Corral Framework: Trustworthy and Fully Functional Data Intensive Parallel Astronomical Pipelines

Data processing pipelines represent an important slice of the astronomical software library that include chains of processes that transform raw data into valuable information via data reduction and analysis. In this work we present Corral, a Python framework for astronomical pipeline generation. Corral features a Model-View-Controller design pattern on top of an SQL Relational Database capable of handling: custom data models; processing stages; and communication alerts, and also provides automatic quality and structural metrics based on unit testing. The Model-View-Controller provides concept separation between the user logic and the data models, delivering at the same time multi-processing and distributed computing capabilities.
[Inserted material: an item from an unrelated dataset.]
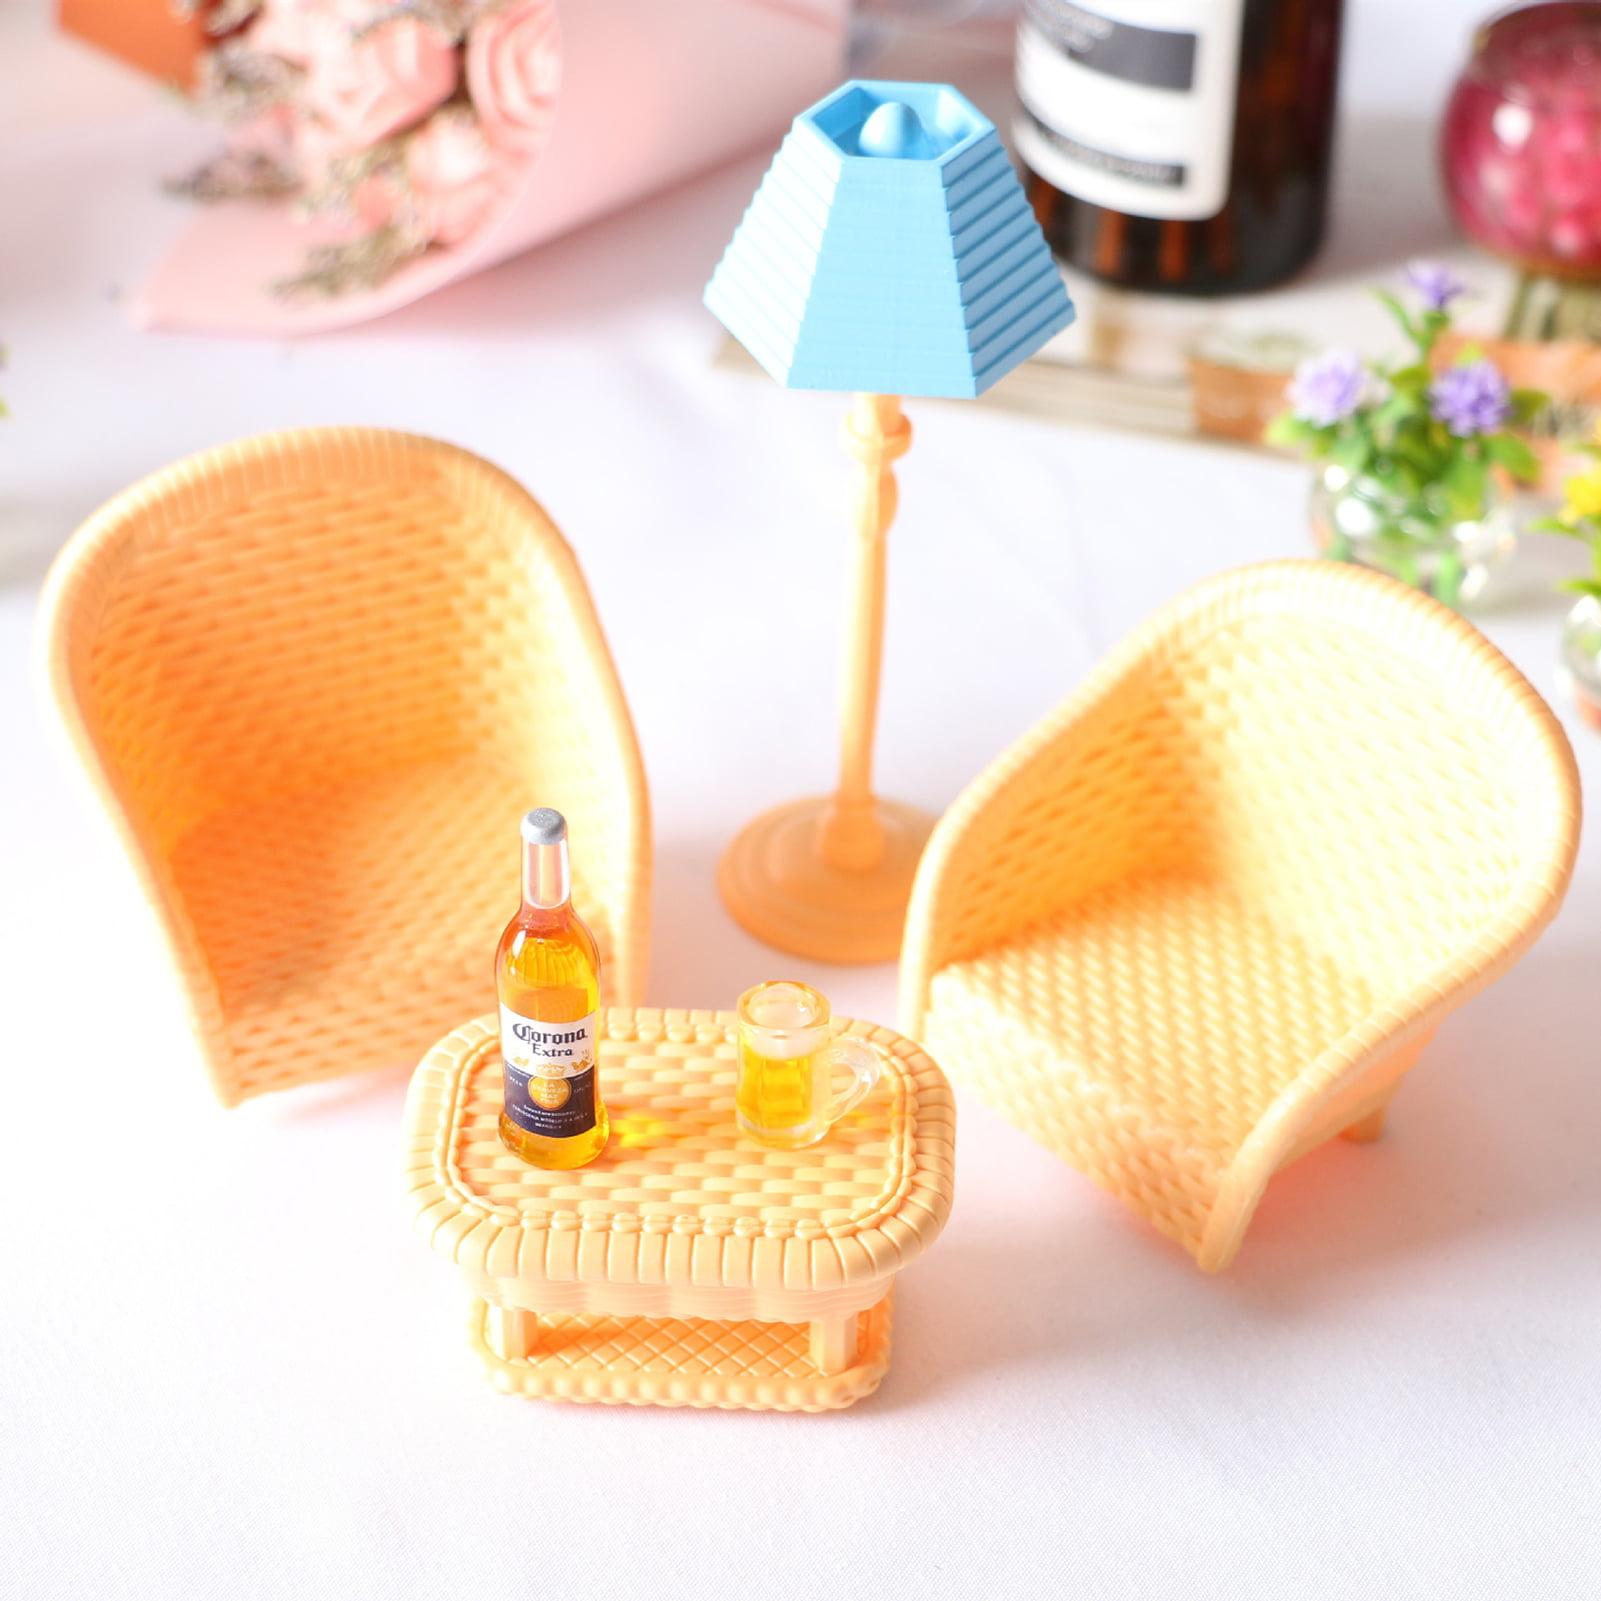 Lubelski Dollhouse Miniature Rattan Chair Tea Table Light Beer Mug Living Room Decoration Walmart Canada

Corral represents an improvement over commonly found data processing pipelines in Astronomy since the design pattern eases the programmer from dealing with processing flow and parallelization issues, allowing them to focus on the specific algorithms needed for the successive data transformations and at the same time provides a broad measure of quality over the created pipeline. Corral and working examples of pipelines that use it are available to the community at https://github.com/toros-astro.

💡 Research Summary

The paper presents Corral, an open‑source Python framework designed to simplify the creation, execution, and quality assurance of astronomical data processing pipelines. Modern astronomical facilities generate petabyte‑scale data streams that must be ingested, transformed, and stored with high reliability and speed. Existing pipeline tools such as Luigi, OPUS, and Kira address distribution or workflow definition, but they often lack a unified architecture that cleanly separates data models from processing logic and provides built‑in quality metrics.
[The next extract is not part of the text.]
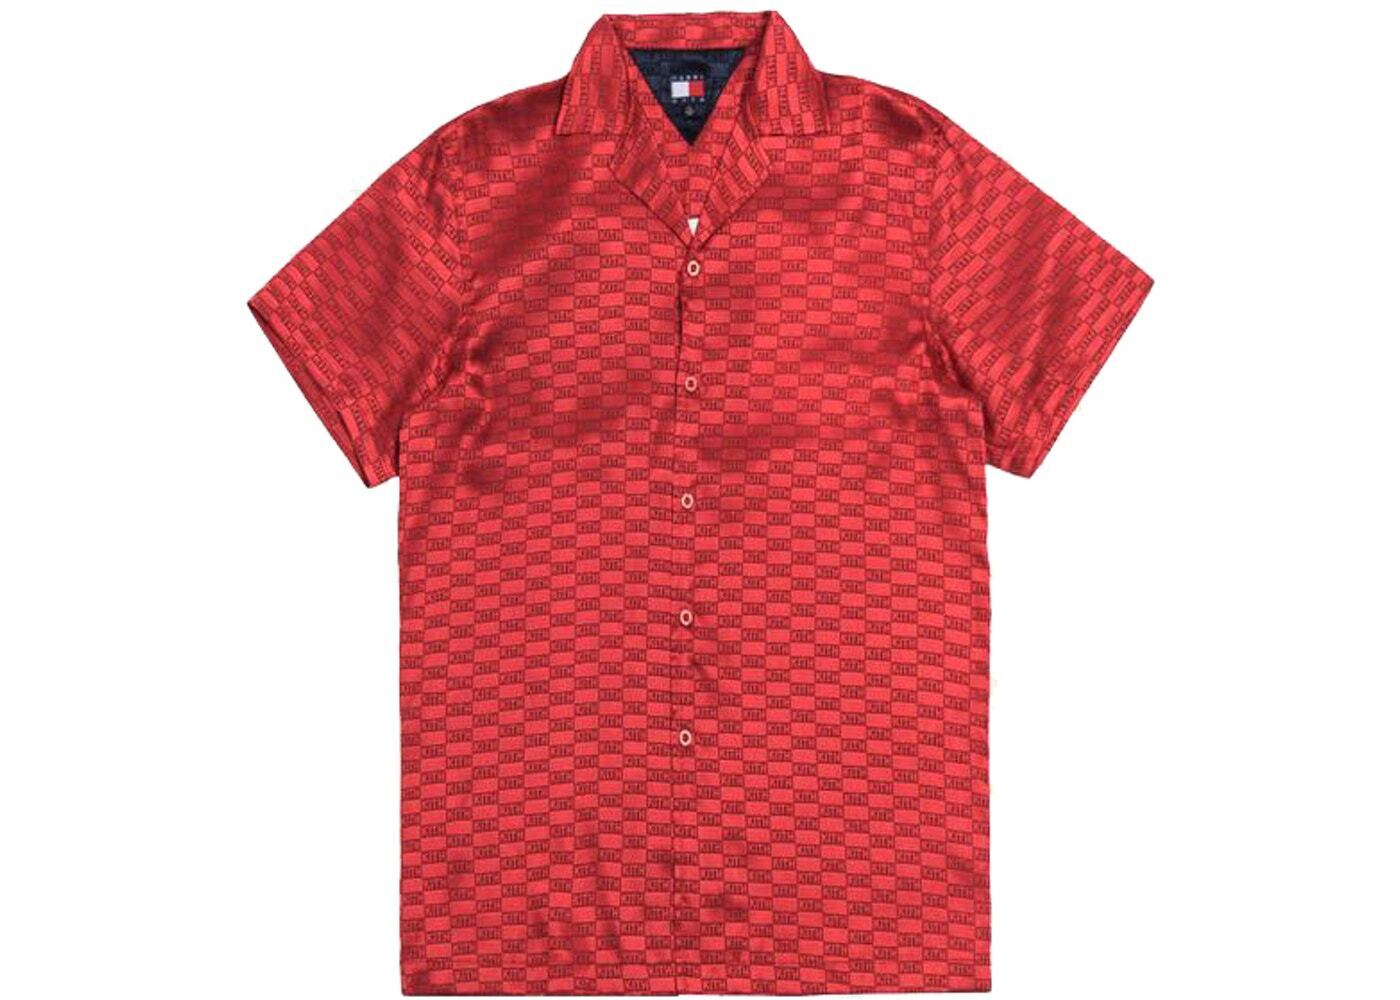 Kith x Tommy Hilfiger Satin Camp Shirt Redの写真

Corral adopts the Model‑View‑Controller (MVC) design pattern and reinterprets its components for pipeline use: Model defines the relational database schema (via SQLAlchemy) that holds raw inputs, intermediate products, and final results; Step (derived from Controllers) implements the actual data transformations, including a single Loader that seeds the pipeline; Alert (derived from Views) records events, warnings, and errors, enabling automated monitoring and recovery. By storing all intermediate state in a relational database, Corral guarantees transactional consistency across parallel processes and makes the pipeline inherently reproducible.

Parallelism is achieved through Python’s multiprocessing module. Each Step class can be instantiated as an independent process; steps that have no data dependencies are automatically executed concurrently, exploiting multi‑core CPUs and, when configured, distributed clusters that share the same database backend (SQLite for single‑node, PostgreSQL or Hive for larger installations). This design eliminates the need for the developer to manage thread pools, locks, or inter‑process communication manually.
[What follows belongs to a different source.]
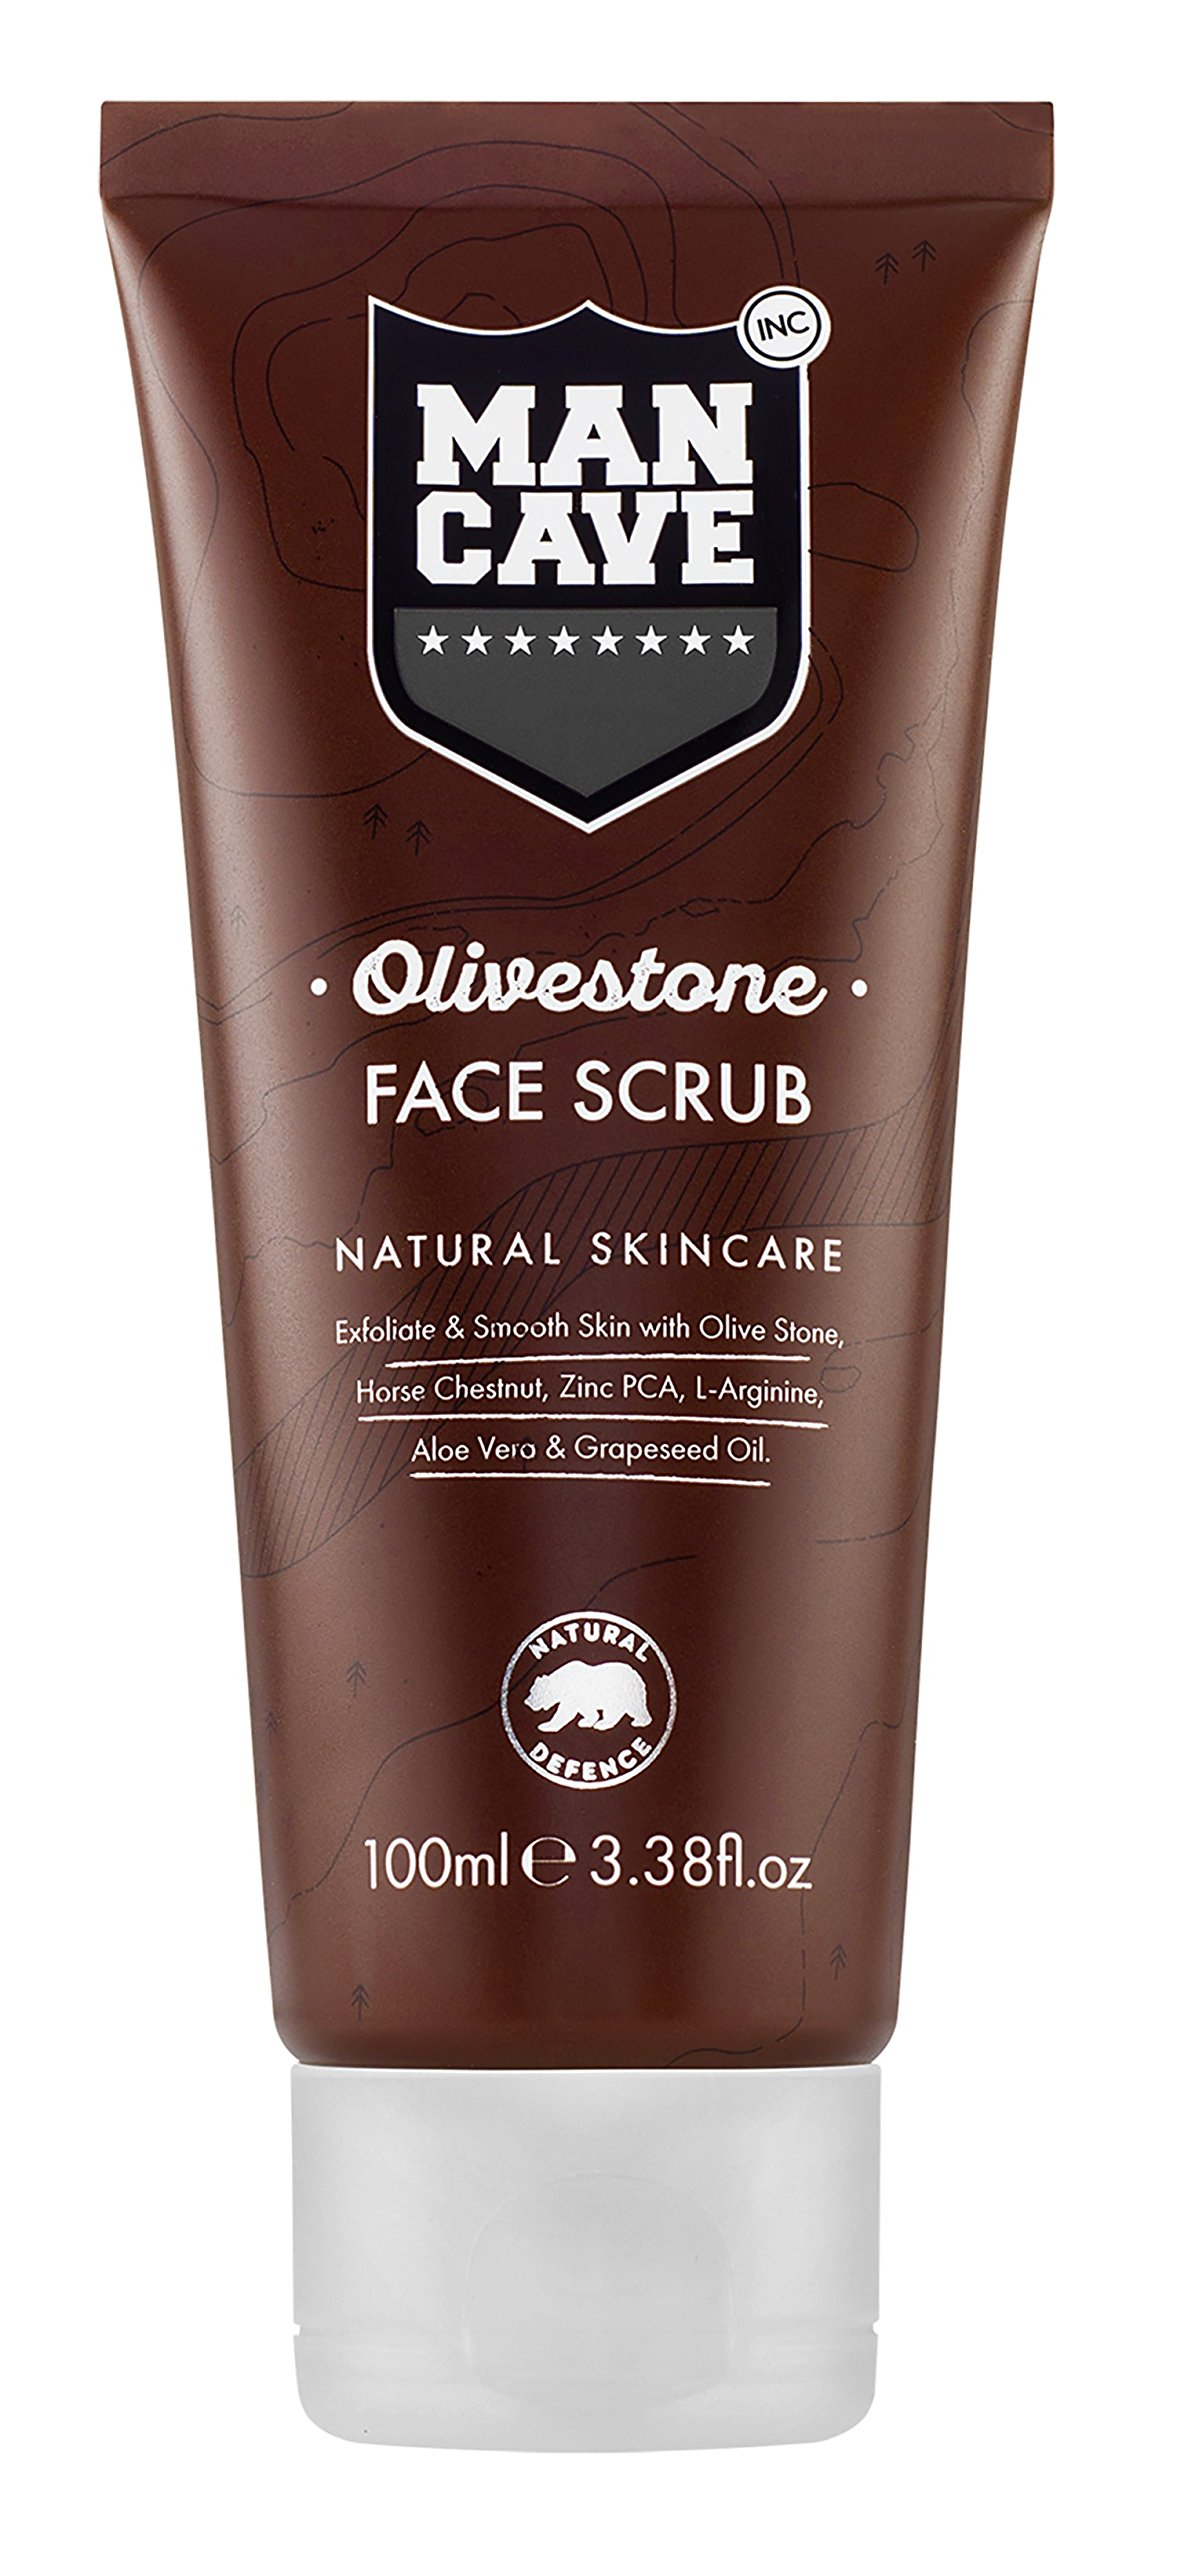 ManCave Olivestone Natural Skin Care Face Scrub, 3.38 Oz [ Secret Key ] The Premium Snow White Toning Cream 50ml

A central contribution of Corral is its built‑in quality‑assurance subsystem. The framework encourages the use of the standard unittest library; after test execution it computes code coverage percentages, highlighting untested code paths. It also integrates profiling tools to collect CPU, memory, and I/O statistics, and it runs style‑checkers to count deviations from a prescribed coding standard, providing a quantitative maintainability score. These metrics are automatically gathered for each pipeline run and can be stored alongside processing results for later audit.

The authors describe the implementation details: Python 3 serves as the language base, leveraging the extensive scientific ecosystem (NumPy, SciPy, AstroPy, etc.). SQLAlchemy abstracts the underlying SQL dialect, allowing seamless migration between SQLite, PostgreSQL, or Hadoop‑based solutions. The framework is released under a BSD‑3 license and hosted on GitHub, where documentation, tutorials, and several example pipelines are provided.

A concrete case study is the TOROS (Transient Optical Robotic Observatory of the South) project, which operates a robotic telescope at 4,600 m altitude in a remote location with limited network connectivity. TOROS required an on‑site pipeline capable of ingesting raw images, performing bias/dark/flat correction, source extraction, and transient candidate identification, all while being tolerant to hardware failures. By employing Corral, the team built a fully automated workflow that runs on a modest multi‑core server, stores all intermediate products in a local PostgreSQL instance, and generates alerts for any processing anomalies. The system demonstrated reliable performance during the O1 LIGO observing run and is slated for deployment on the upcoming wide‑field telescope at Cerro Macón.

In a comparative analysis (see Appendix B), Corral is shown to outperform peer frameworks in three key dimensions: (1) a clear MVC‑derived separation of concerns that eases code maintenance; (2) native support for database‑backed state management, enabling reproducibility and easy inspection; (3) integrated quality‑metric collection (unit‑test coverage, profiling, style compliance) without external tooling.

The paper concludes by outlining future work: extending the framework to support more complex directed‑acyclic‑graph (DAG) workflows, adding plug‑in mechanisms for custom resource managers, and exploring cloud‑native deployment options (e.g., Kubernetes). Corral thus positions itself as a robust, extensible foundation for next‑generation astronomical pipelines that demand both high performance and rigorous software quality.